If it was genocide, Freder, why are they still with us?
It's OK. I don't expect an answer.

Rusty said...

Brooks and Cook and Gadfly have never dared anything in their lives so they are the first to condemn someone who has. Poor souls who have never risked and won.
Trump won't fail. In fact he has already won.

mikee said...

Trump might only get 80% of what he wants to do, or 50% or just 10%. Any accomplishment will be more than the last administration, which pretty much spent its time deciding who got government largesse for supporting the Democrats progressive ideology, and weaponizing government against the citizenry in ways that would have had the militia out in Lexington in the late 1700s. So sure, hope he fails. He won't.

Lazarus said...

Groupthink got us into disastrous wars and created the Biden mess. "Disrupted information flows" gave us Vietnam, Iraq, the two current wars, inflation, and the illegal immigration mess. "Disrupted information flows" are how Biden got elected and how the governing elite maintain their power and enable their corruption.

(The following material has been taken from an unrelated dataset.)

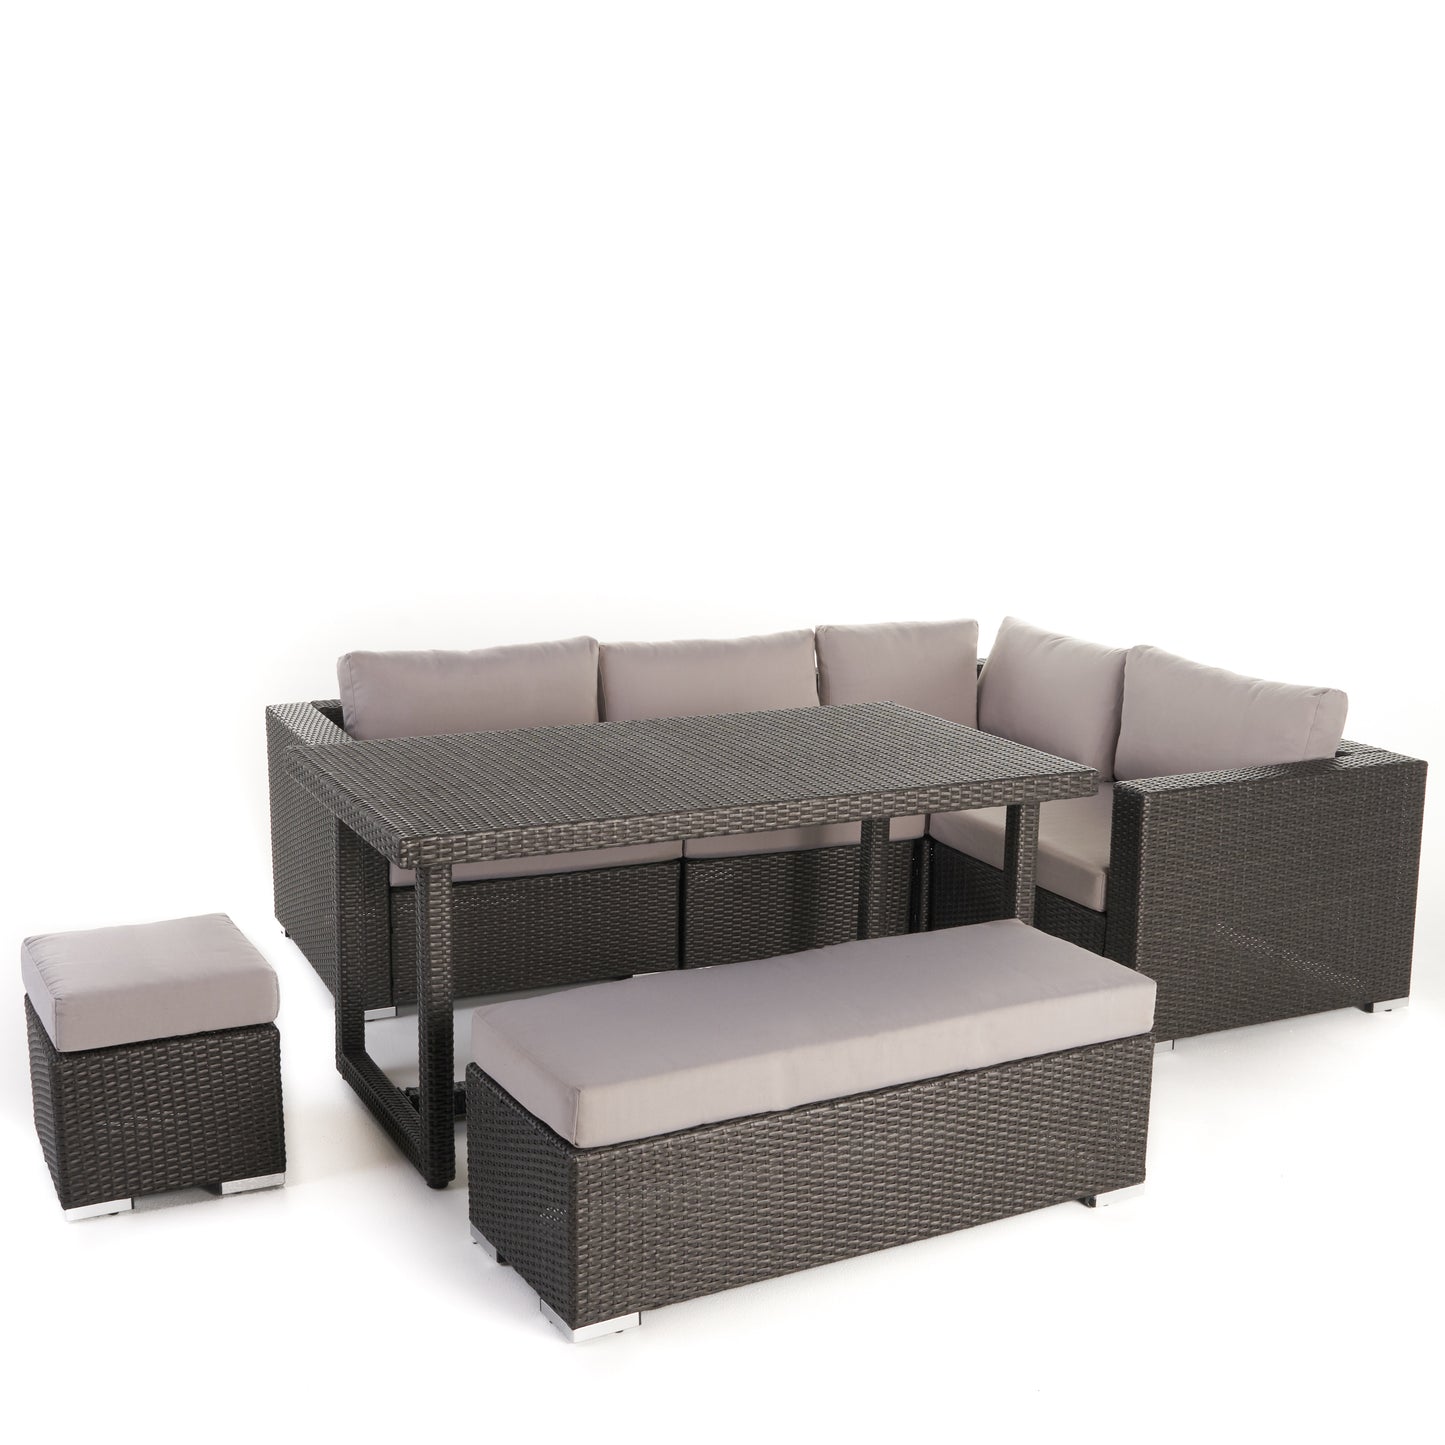 Santa Maria Outdoor 7 Seat Dining Sofa Set with Aluminum Frame and Water Resistant Cushions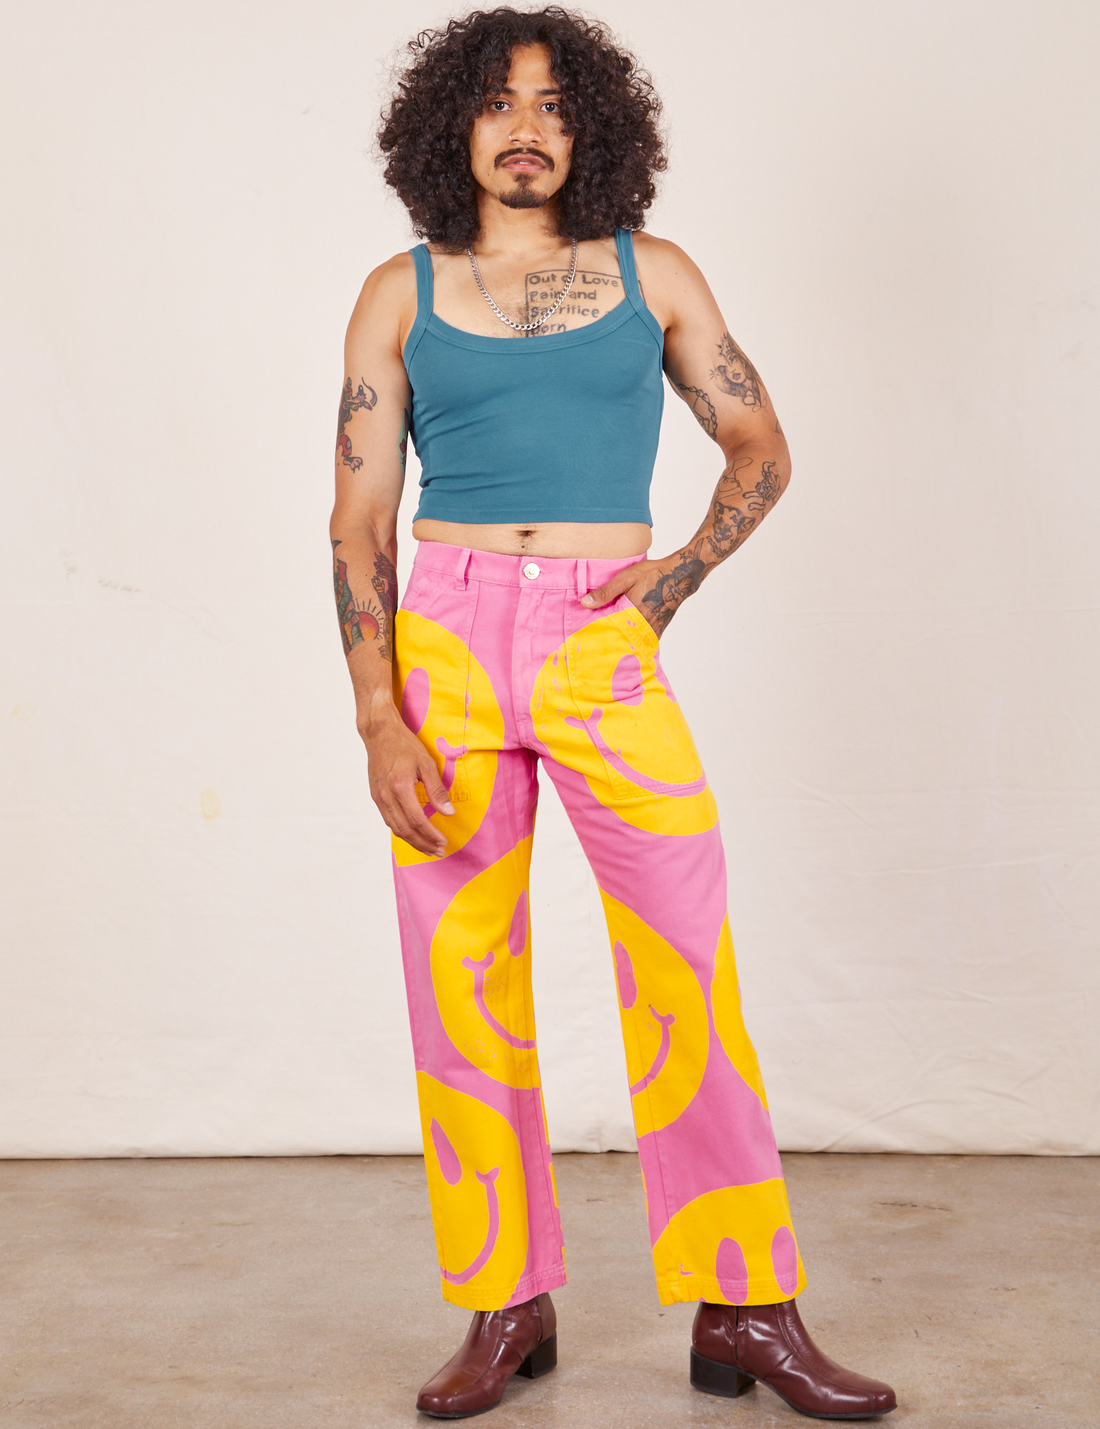 Jesse is 5'8" and wearing XS Icon Work Pants in Smilies paired with. marine blue Cropped Cami

In the 70s there was some talk about "adhocracy" -- people coming together to achieve specific goals and then getting on with their lives. That didn't happen. Once established, movements and advocacy groups find ever newer causes to fight for and perpetuate their existence. Part of the attractiveness of Trump's approach was that he wasn't trying to create a new Establishment or elite, but trying to loosen the hold of the one we already have.